Йеспер перегнулся через стол. Наши лица оказались рядом. Я ощутила аромат его одеколона и пива, которое он пил. Мне стало не по себе.

– Когда у человека такая работа, как у меня, – сказал он, – люди редко общаются с ним по-человечески. Большинство – преувеличенно уважительно. А кто-то просто боится. Мало кто честно говорит то, что думает. Это крайне утомительно. Наверху очень одиноко, если ты понимаешь, о чем я. Но ты была честна со мной. Обращалась как с обычным человеком. Я пожала плечами.

– А разве ты не обычный человек?

Он рассмеялся и поднес пиво к губам. У него были загорелые руки, покрытые золотистыми волосками.

– Можешь считать это безумием, но я чувствую, что между нами есть связь. Скажи честно.

– Что?

– Ты тоже чувствуешь себя одинокой? Странной? Не похожей на других людей? Чувствуешь, что наблюдаешь за другими со стороны?

Я медленно кивнула. Он прав. Я всегда чувствовала себя другой. С самого детства. Мне всегда казалось, что в своей жизни я играю какую-то второстепенную роль. Будто я смотрю на саму себя со стороны. Вопрос только в том, как Йеспер успел понять это за десять минут нашей встречи в магазине.

Со стороны бара донеслись вопли болельщиков.

– Стольпе вышел из игры, – констатировал Йеспер.

– Откуда ты знаешь?

– Что?

Он покосился на экран, словно думая, что я спрашиваю про матч.

– Обо мне.
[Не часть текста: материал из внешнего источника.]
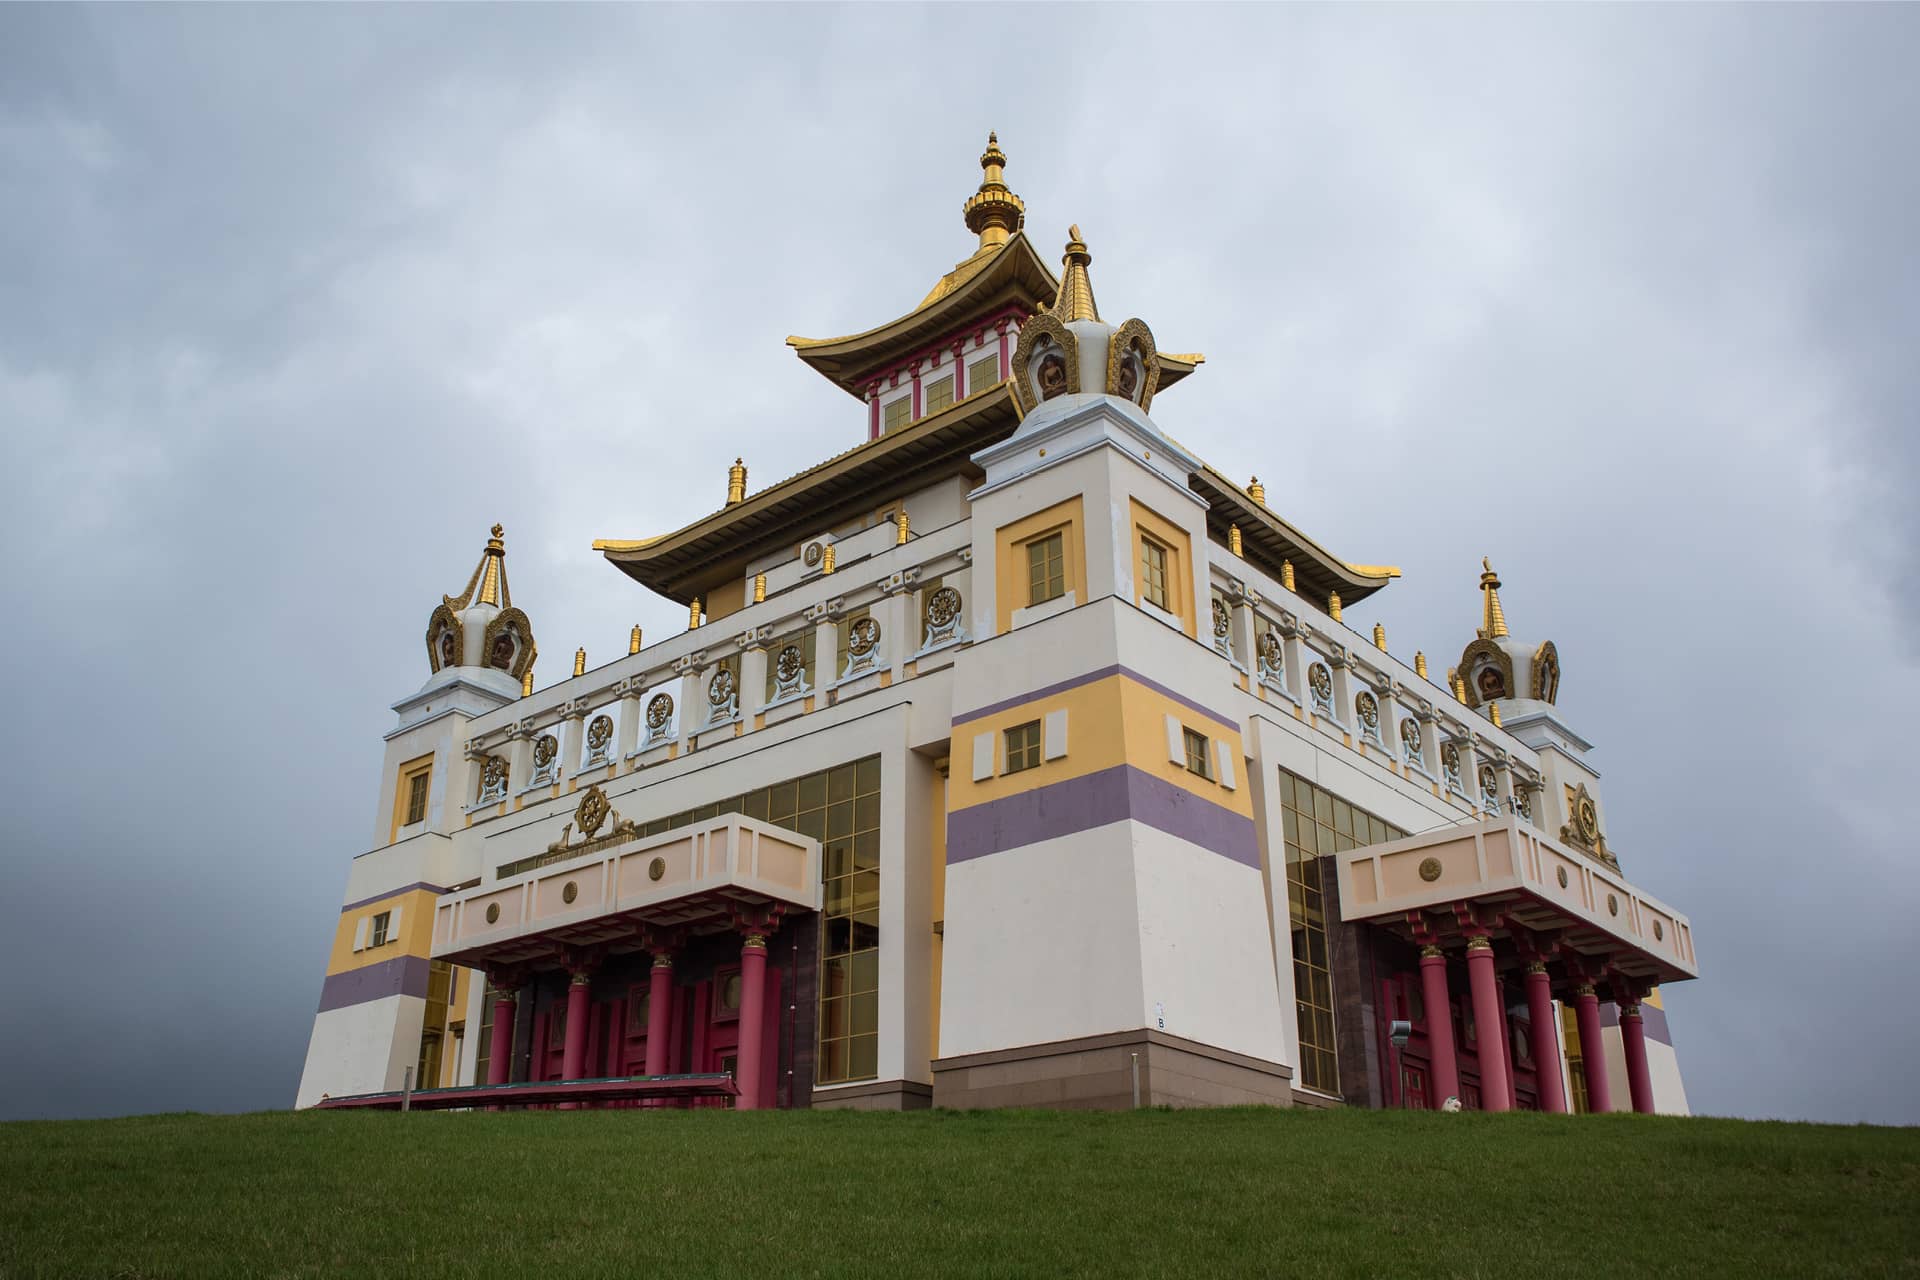 A massive white and golden Buddhist temple with red gates on a hill

Ты купил у меня рубашку. А теперь сидишь и заявляешь, что мы похожи. И что мы оба одиноки. Ты ничего обо мне не знаешь. Ни кто я, ни откуда, ни чего хочу в своей жизни. С чего ты решил, что я для тебя – открытая книга?
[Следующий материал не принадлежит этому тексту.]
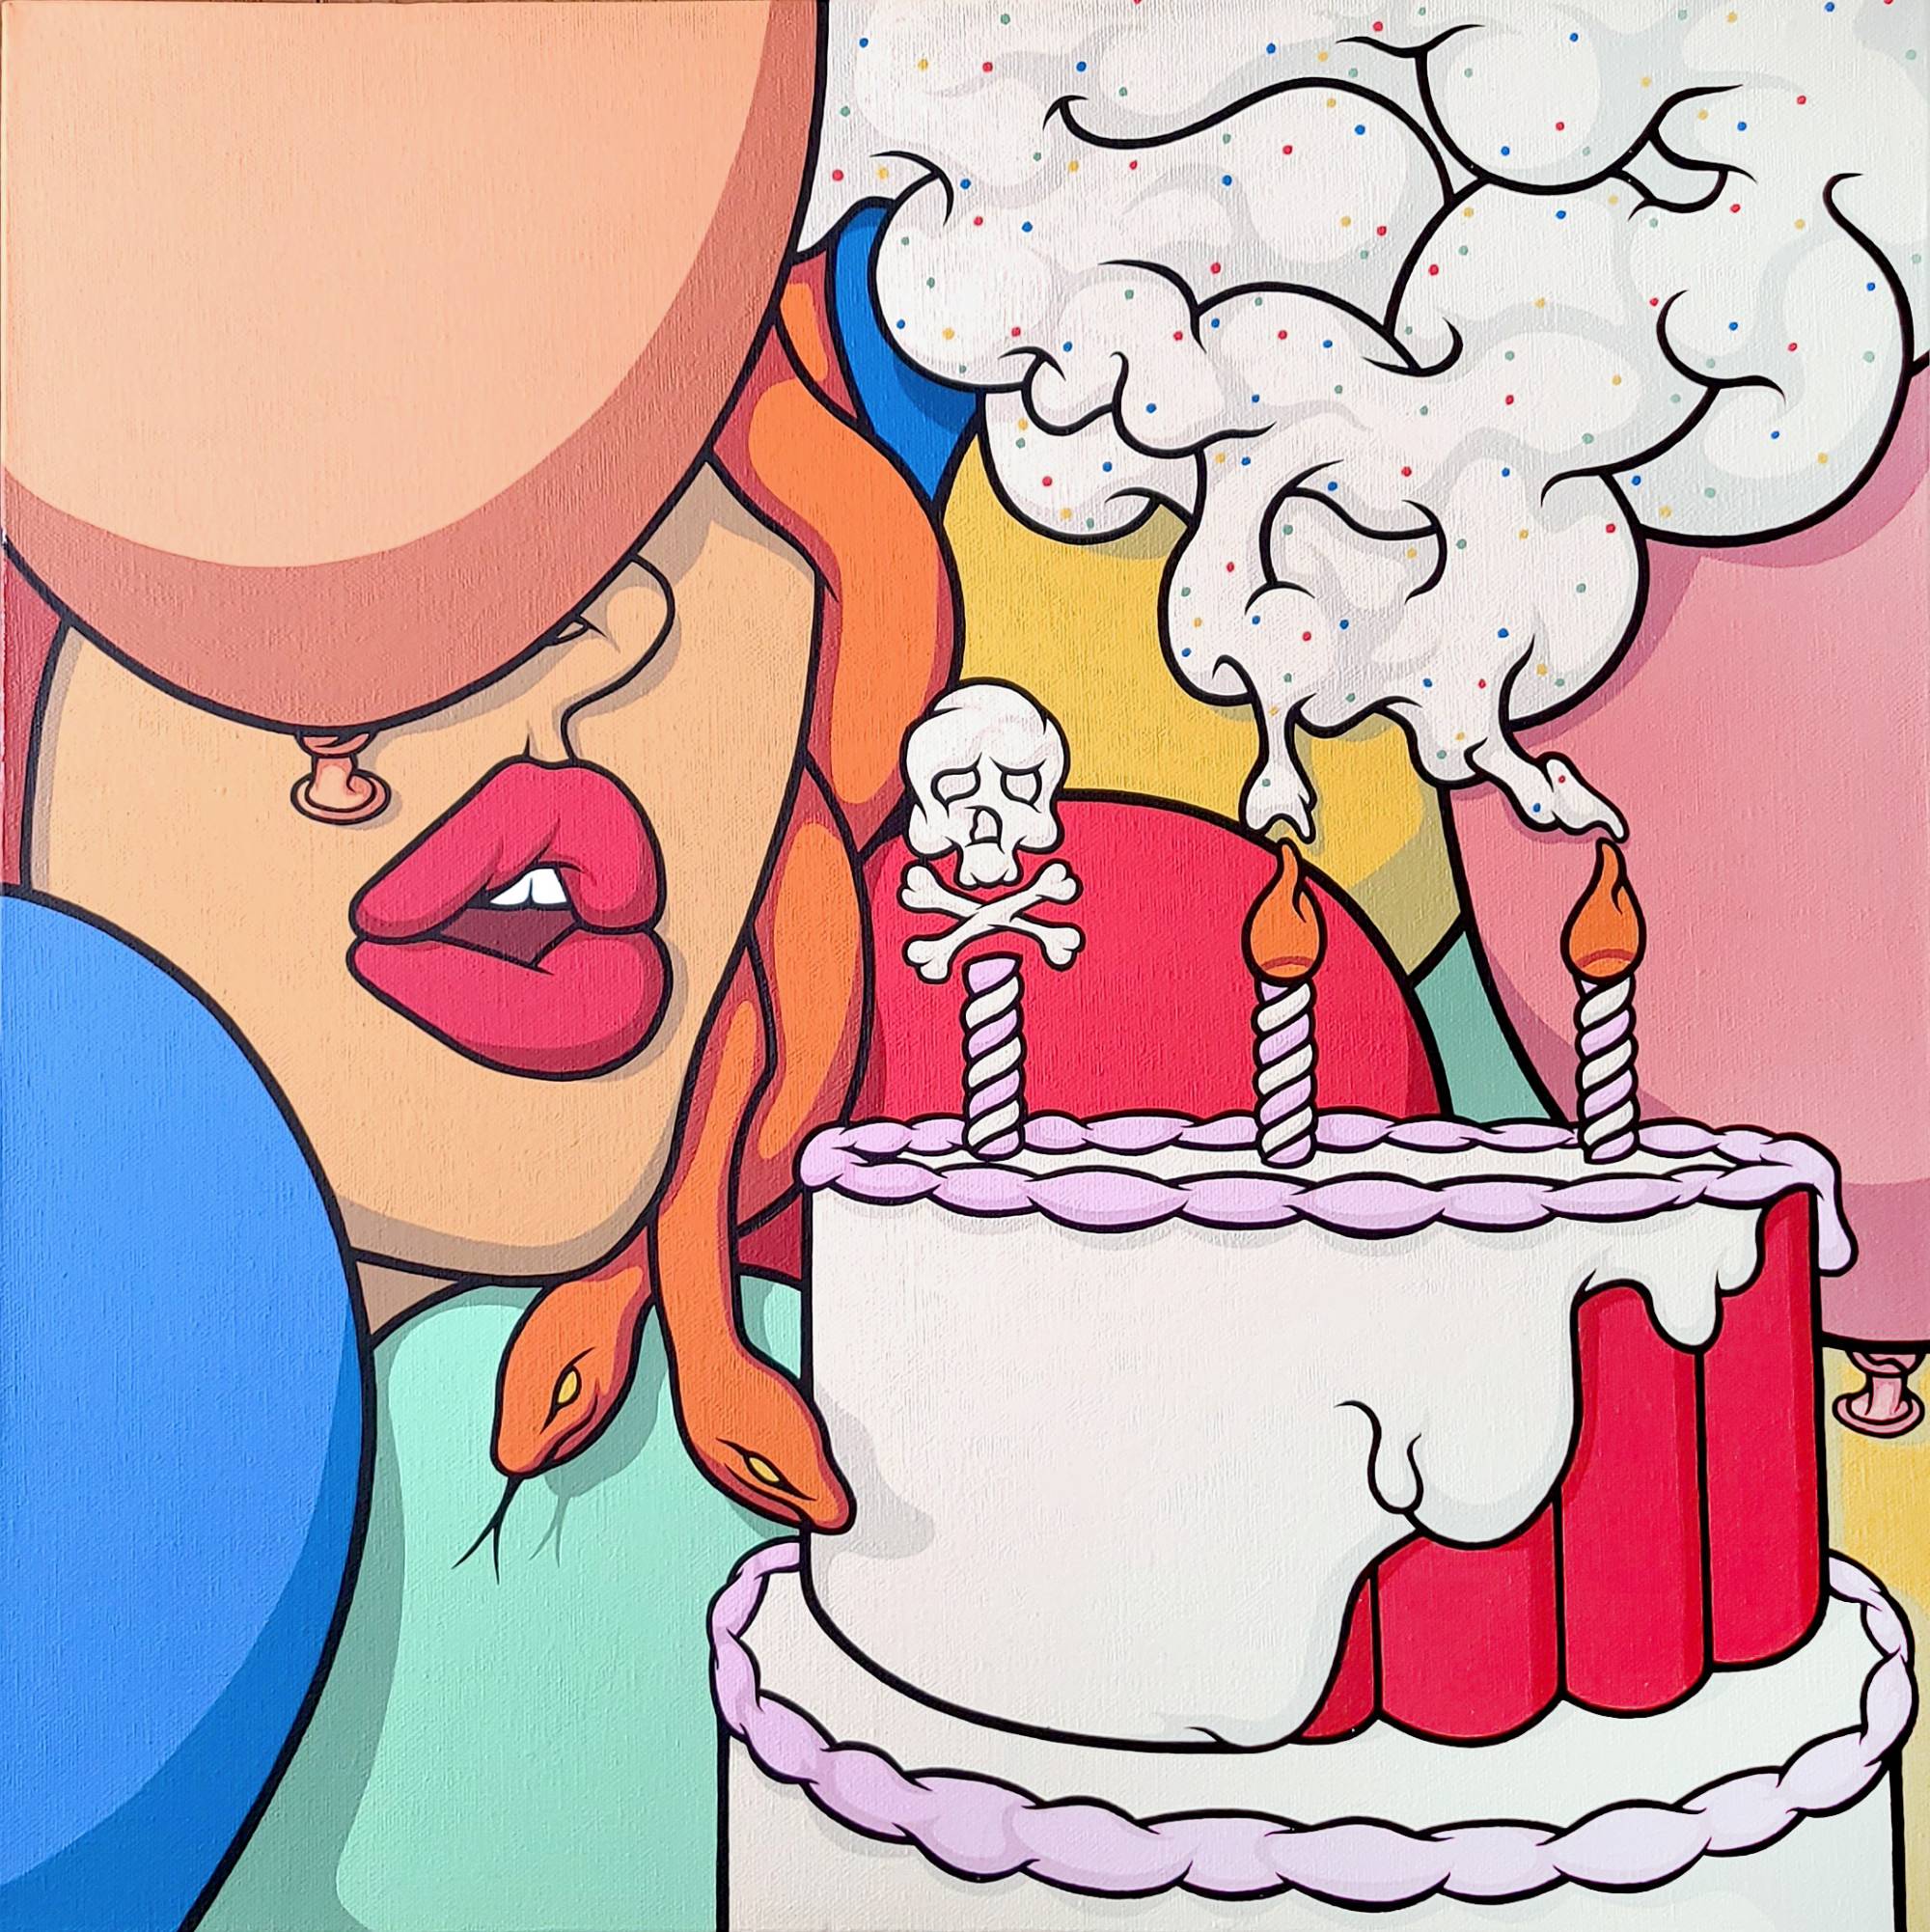 cake made of dynamite next to a woman's face with snake hair, her eye covered by balloons

Он поднял стакан с пивом в шутливом тосте и подмигнул мне:

– Как я уже сказал, мне нравится, что ты обращаешься со мной как с равным. Тебе неведом страх. В этом мы с тобой тоже похожи.
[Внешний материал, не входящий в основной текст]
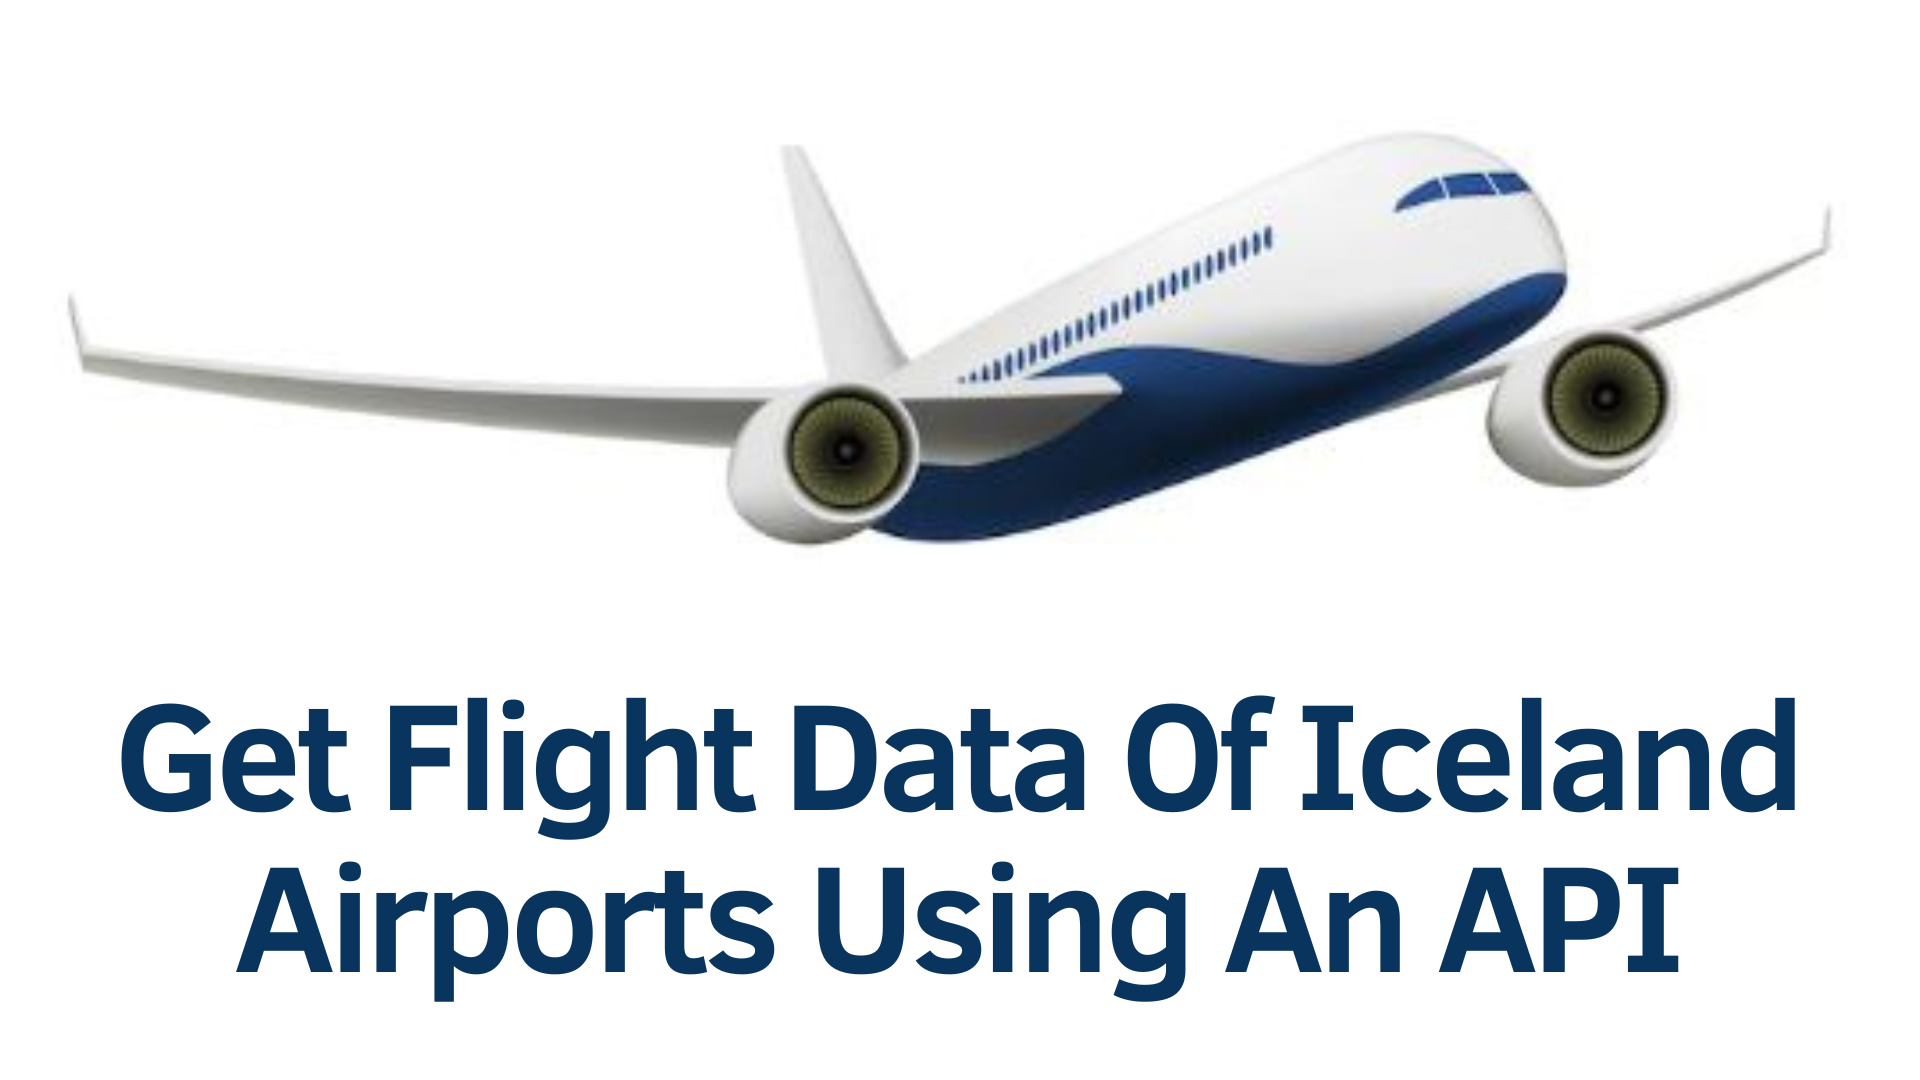 Get Flight Data Of Iceland Airports Using An API

Я покидала ресторан на трясущихся ногах. Щеки горели, руки вспотели. Не знаю, что так сильно на меня повлияло: то, что он позволил себе сделать выводы о моем характере, несмотря на то что мы едва знакомы, или желание, которое внезапно вспыхнуло во мне.

Я шла и гадала: что, если он прав? Что, если мы похожи? Что, если между нами правда существует невидимая связь? Как это иногда бывает между людьми разных сословий и возрастов, когда они встречаются и понимают, что созданы друг для друга?

На часах было около четырех. Я спешила в сторону Слюссен. Было жарко, и на мне была только тонкая майка. Но несмотря на это, пот лил с меня градом, и посреди Ётгатан я вынуждена была остановиться, чтобы отдышаться. Мимо шли прохожие: кто-то гулял, кто-то шёл за покупками, женщины в хиджабах спешили в мечеть. Люди текли сплошным потоком. И я внезапно оказалась посреди него, как лодка, потерявшая управление.

Подходя к метро, я увидела знакомое лицо. Йеспер Орре. Каким-то образом он догадался, куда я направилась, и пришел туда раньше. Он взял меня за руку.

– Пошли, – сказал он.

И потянул меня за собой вниз по улице – откуда я пришла, и я не нашла в себе сил возразить. Чувство беспомощности опьяняло. Это была свобода. Свобода от ответственности за свои поступки, свобода от чувства вины, полная свобода. Я пошла с ним. Закрыла глаза и позволила ему вести меня сквозь море людей.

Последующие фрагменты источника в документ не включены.